> [TASK DIRECTIONS]
Below are some records; output exactly the lines from the line with "Exciting room coloring page" to the line with "Measures: Height", both ends kept, and nothing more.

> [INFORMATION SHOWN]
▬▬▬▬▬▬

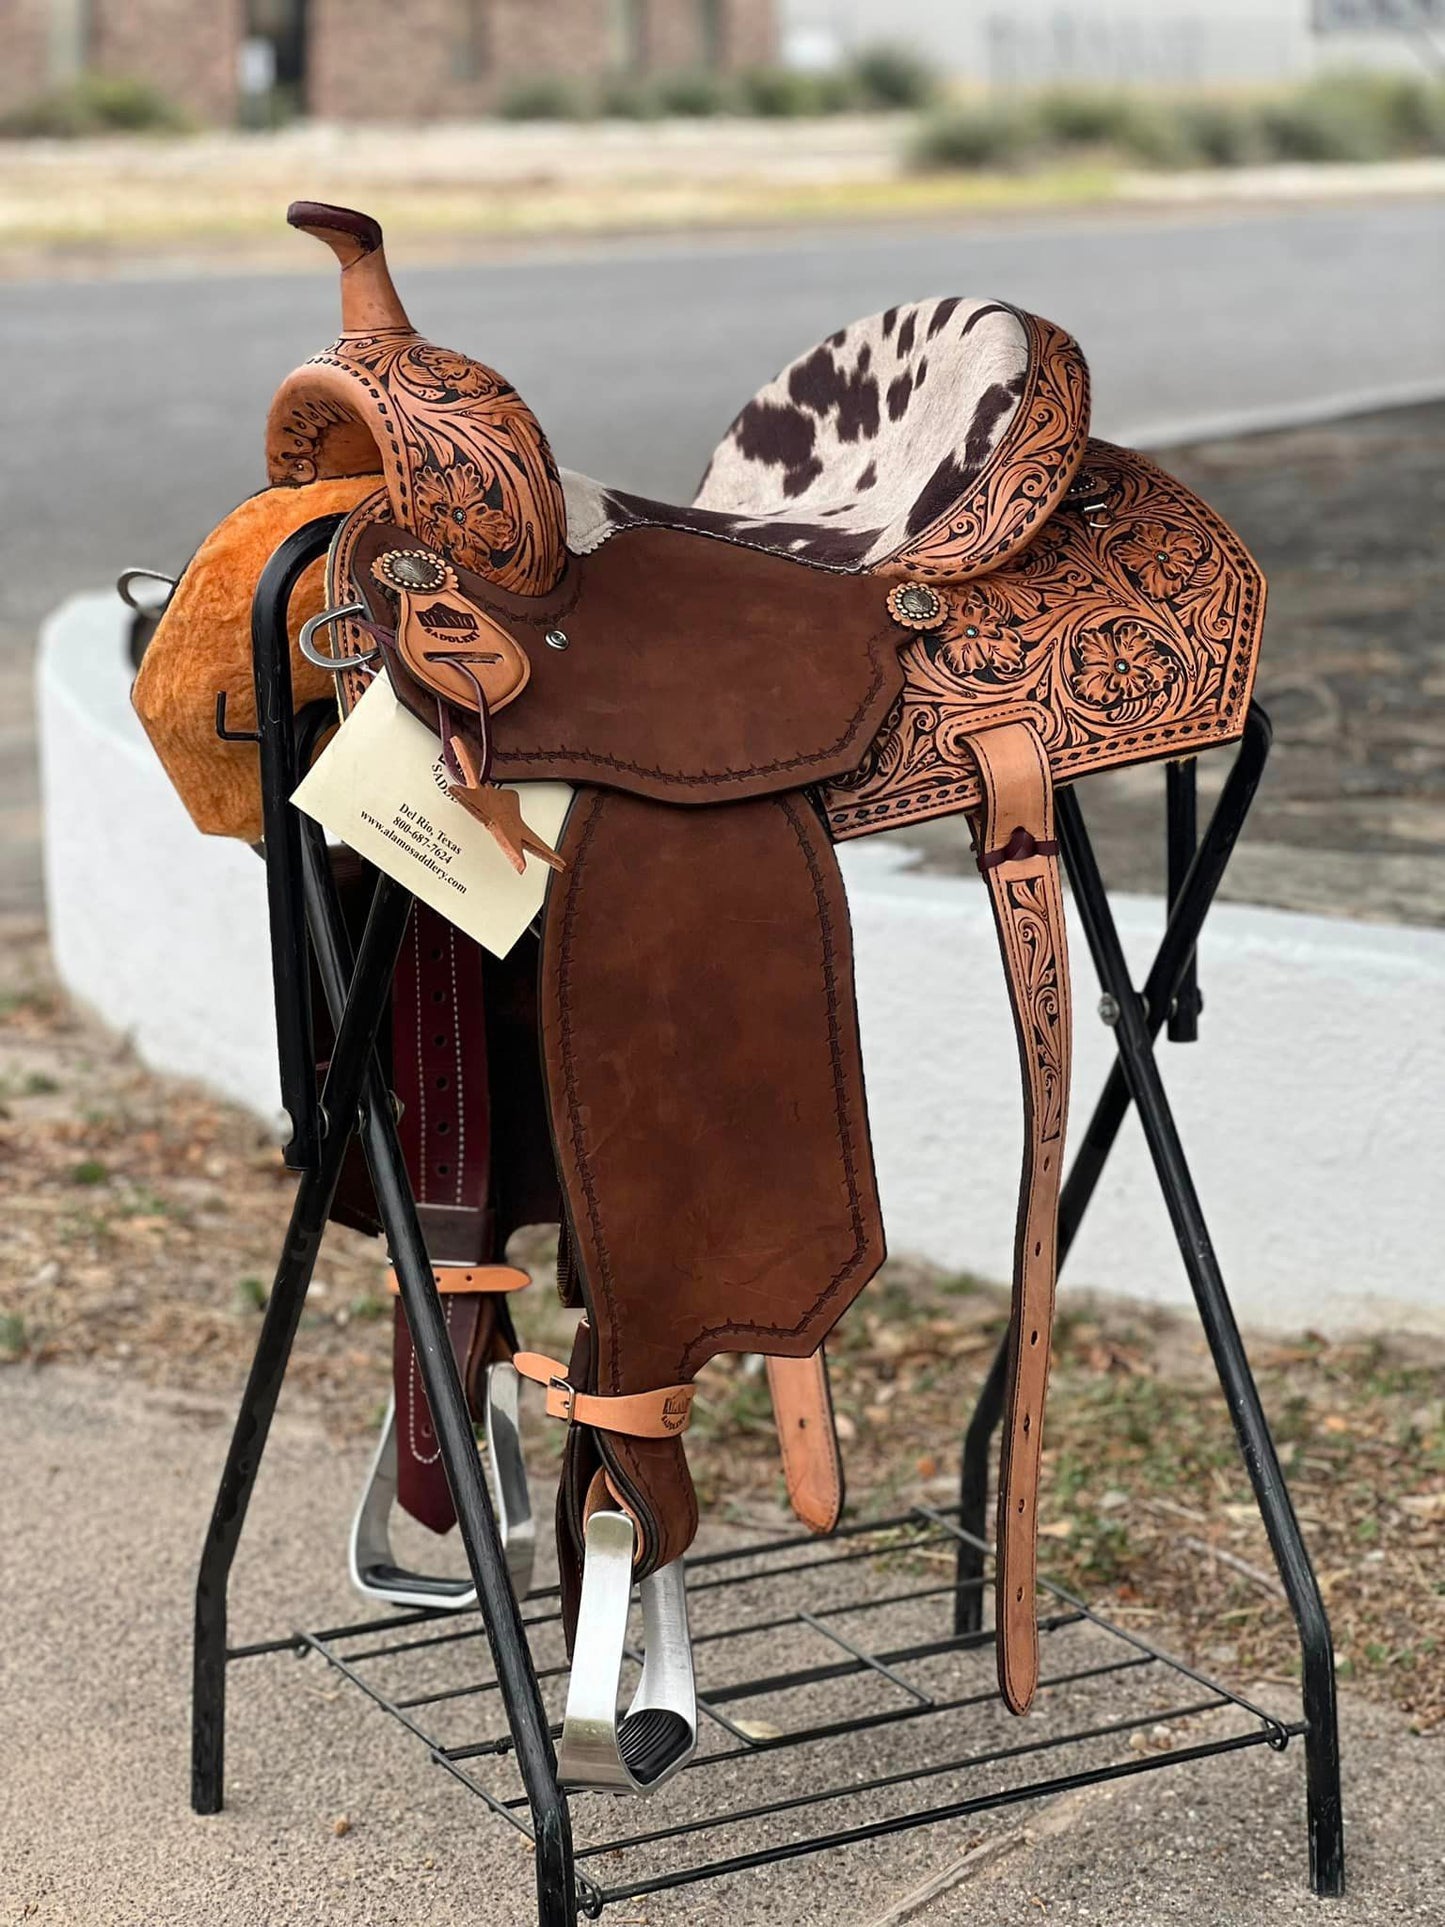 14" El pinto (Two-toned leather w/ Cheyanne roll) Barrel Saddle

▬▬▬▬▬▬

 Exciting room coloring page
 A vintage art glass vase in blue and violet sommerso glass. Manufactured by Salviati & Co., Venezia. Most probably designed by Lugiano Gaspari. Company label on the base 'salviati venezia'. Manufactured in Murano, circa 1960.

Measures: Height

▬▬▬▬▬▬

> [RESPONSE BELOW]
 Exciting room coloring page
 A vintage art glass vase in blue and violet sommerso glass. Manufactured by Salviati & Co., Venezia. Most probably designed by Lugiano Gaspari. Company label on the base 'salviati venezia'. Manufactured in Murano, circa 1960.

Measures: Height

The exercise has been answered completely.